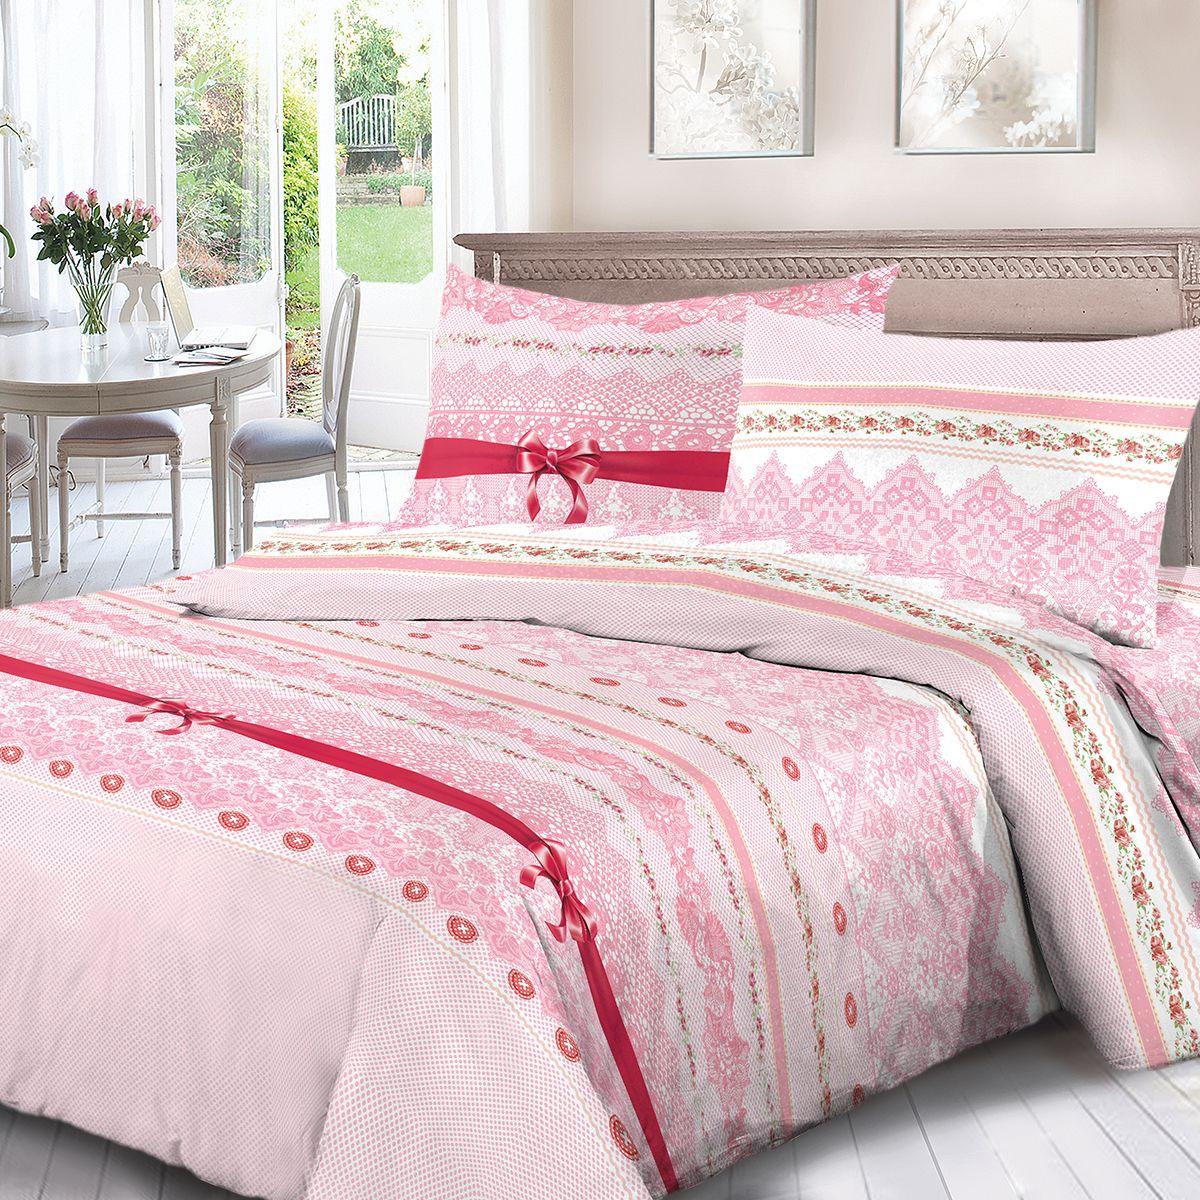 Комплект белья Для Снов Бал, 2-спальный, наволочки 70x70, цвет: розовый. 4062-187852Постельное белье Для Снов, выполненное из высококачественного поплина (ткань Традиция), в составе которого находится только 100% мерсеризованный хлопок - это идеальный выбор современной женщины.Преимущества: - Ткань прочнее обычной, при этом мягкая и шелковистая; - Цвета яркие и устойчивые; - Высокая гигроскопичность; - Меньше мнется, не линяет и не садится при многократных стирках; При производстве используются только безопасные красители ведущего швейцарского производителя BEZEMA. Восхитительная упаковка придает комплекту подарочный вид.В комплекте:пододеяльник (175 х 215 см),2 наволочки (70х70 см),простыня (220 х 215 см).Советы по выбору постельного белья от блогера Ирины Соковых. Статья OZON Гид
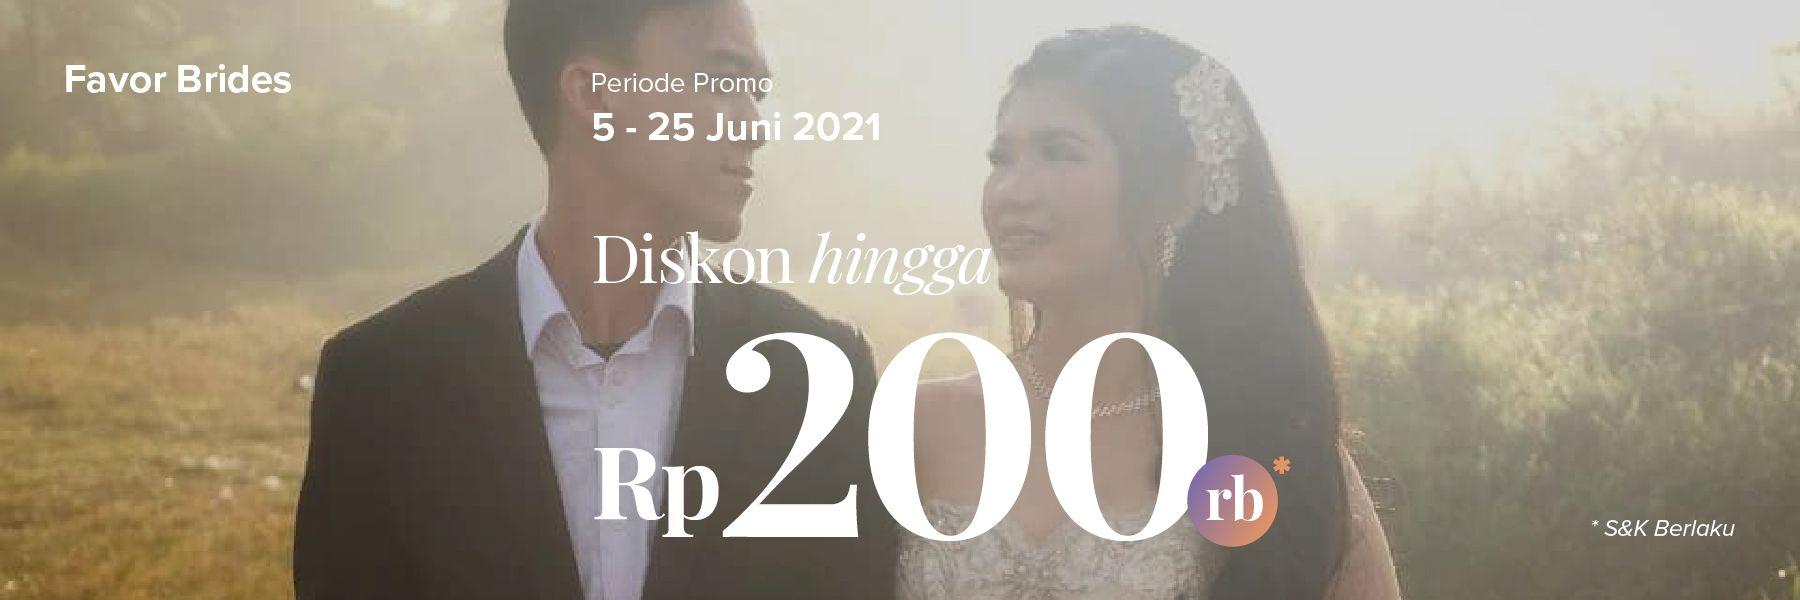 Diskon Paket Bridal Sampai Rp 200.000 di Favor Brides!
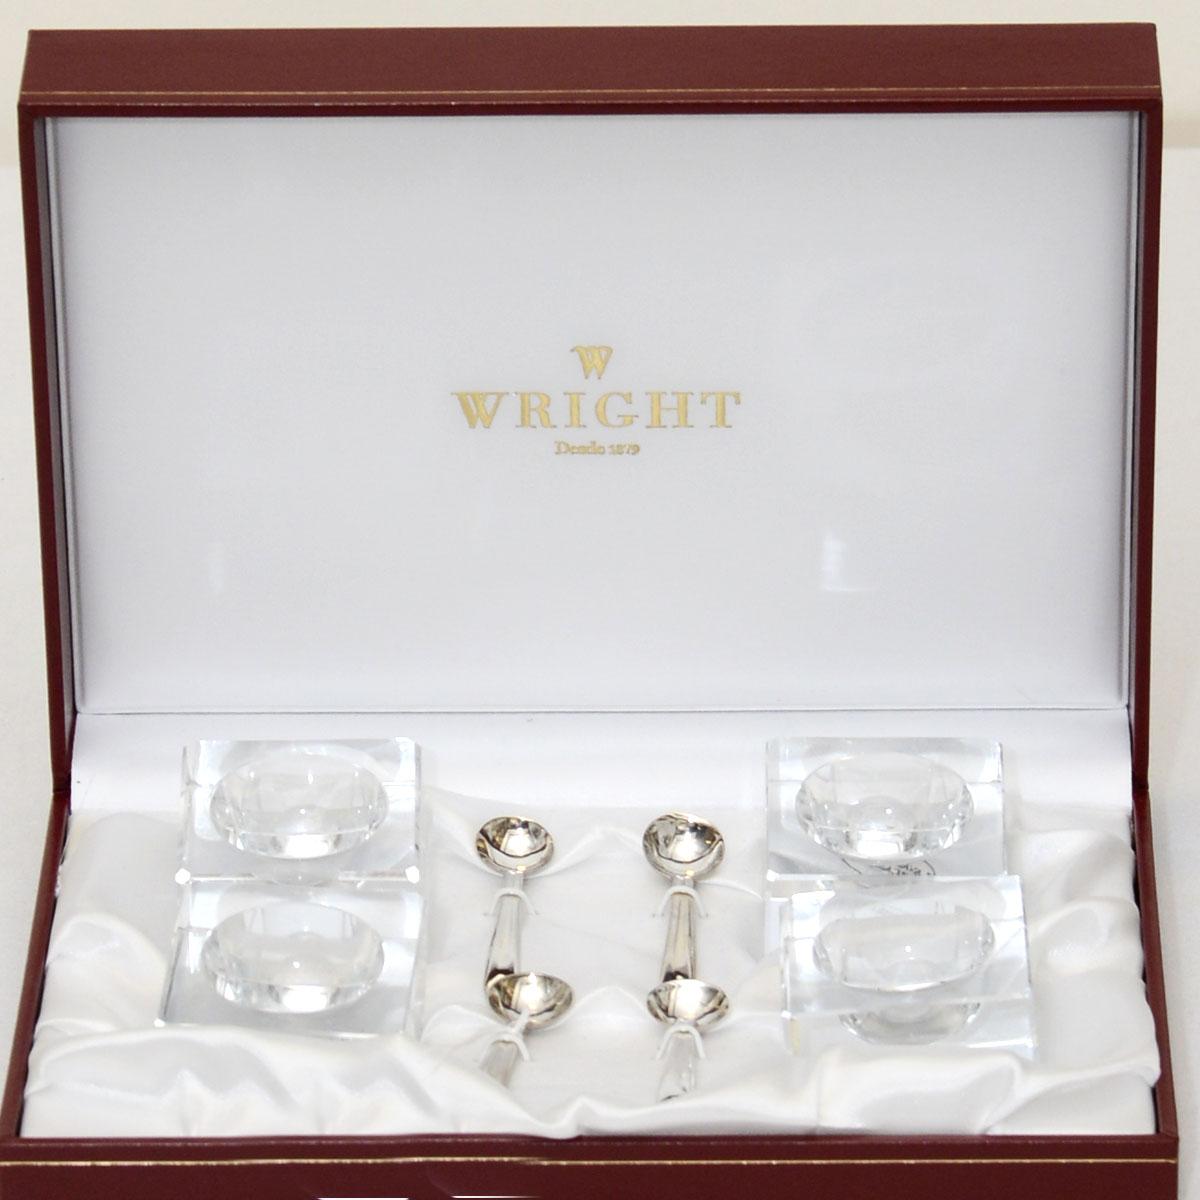 Wright | Bazar Inglés (Decoración, Bazar & Hogar):        Salero
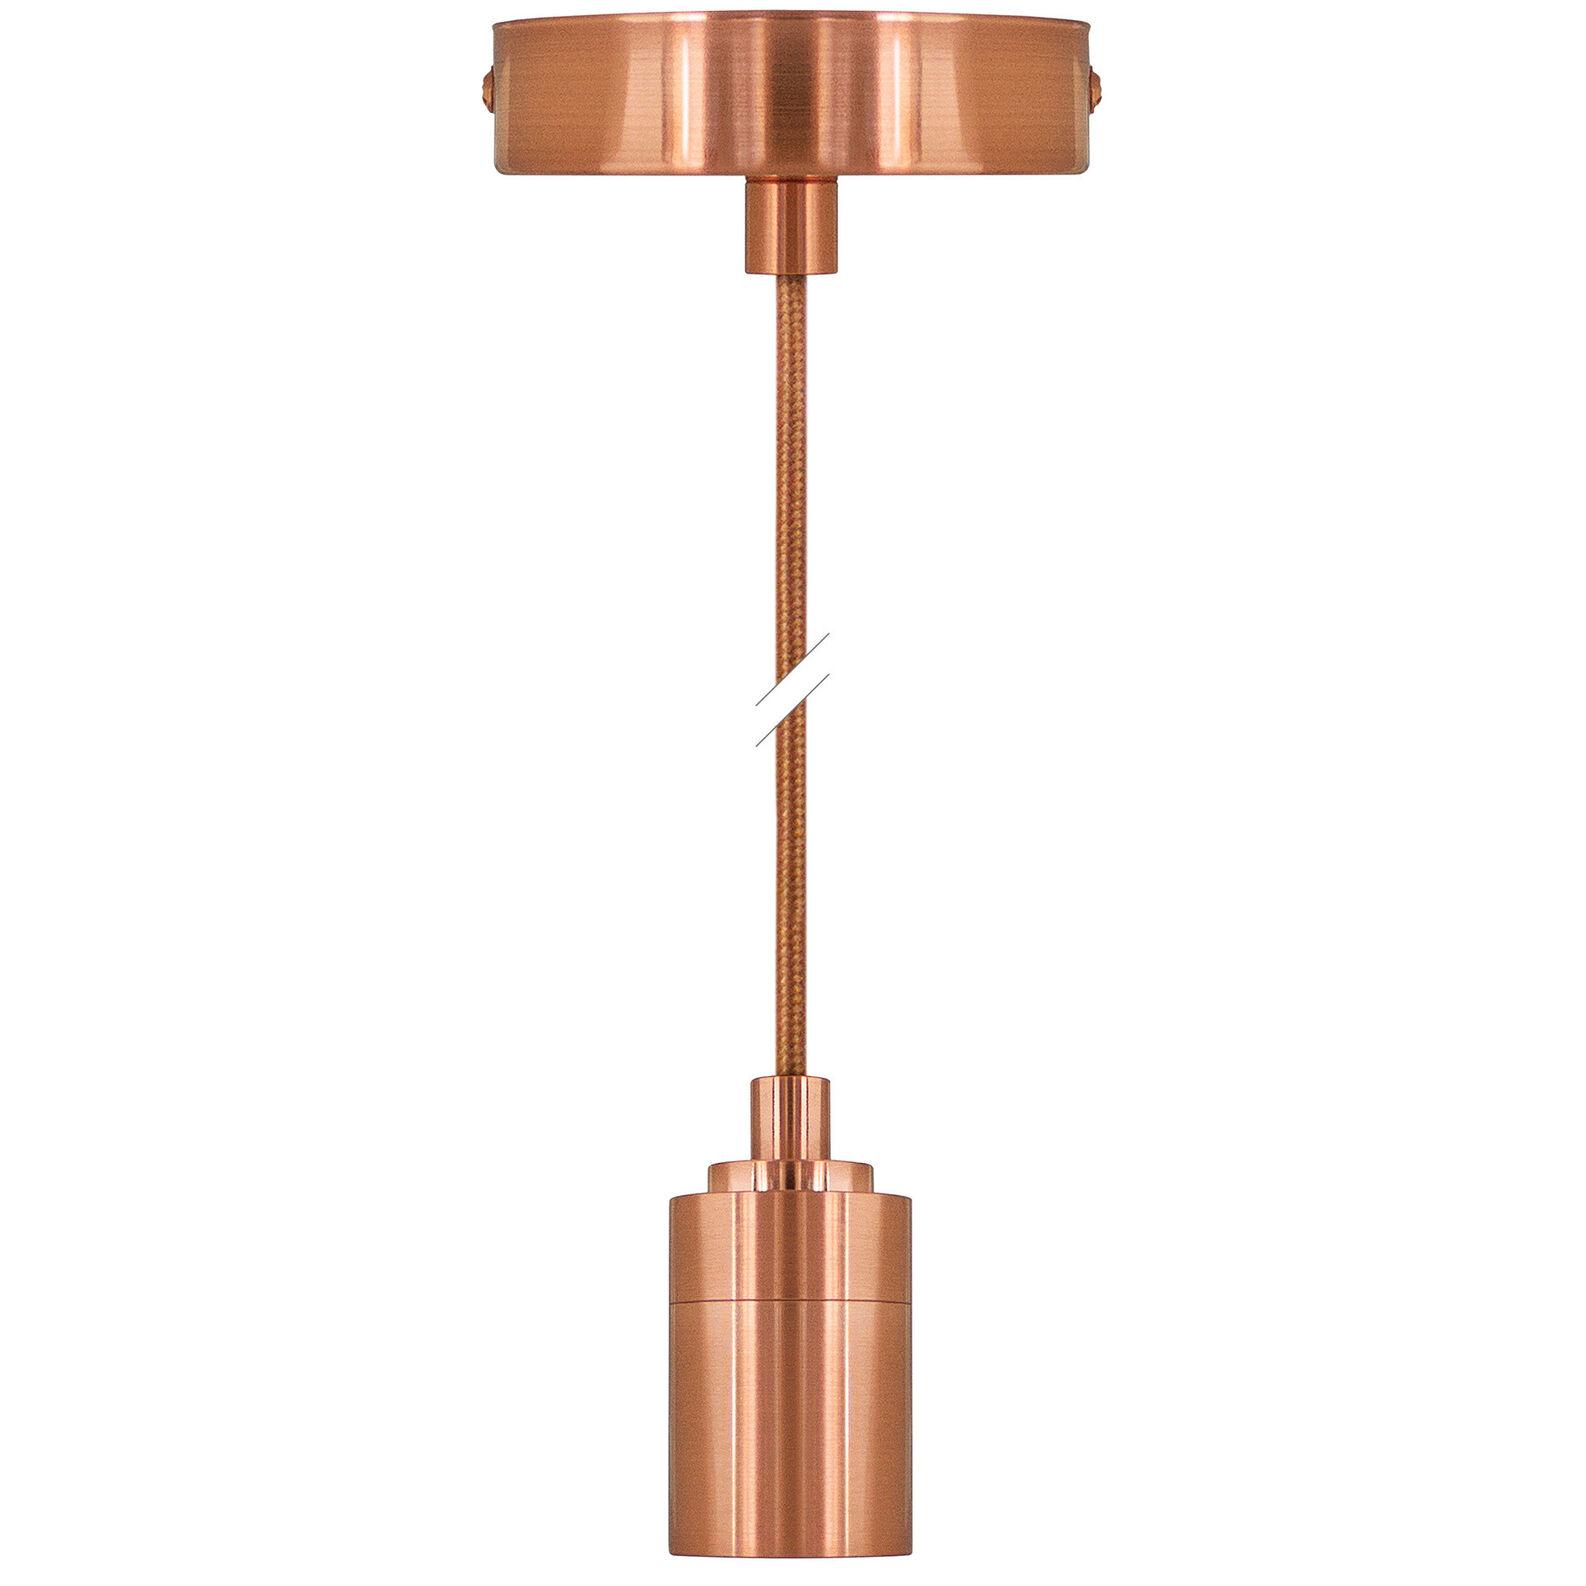 LEDbyLED Elegance suspension lamp

┄┄┄┄┄┄┄┄┄┄┄┄┄┄┄┄┄┄┄┄

§ **Exercise aim**: Write out an exact reproduction of the lines from the line that holds "Diskon Paket Bridal" to the bottom of the listing above, both ends included. Exclude pictures.

§ **Task solution**:
 Diskon Paket Bridal Sampai Rp 200.000 di Favor Brides!
 Wright | Bazar Inglés (Decoración, Bazar & Hogar):        Salero
 LEDbyLED Elegance suspension lamp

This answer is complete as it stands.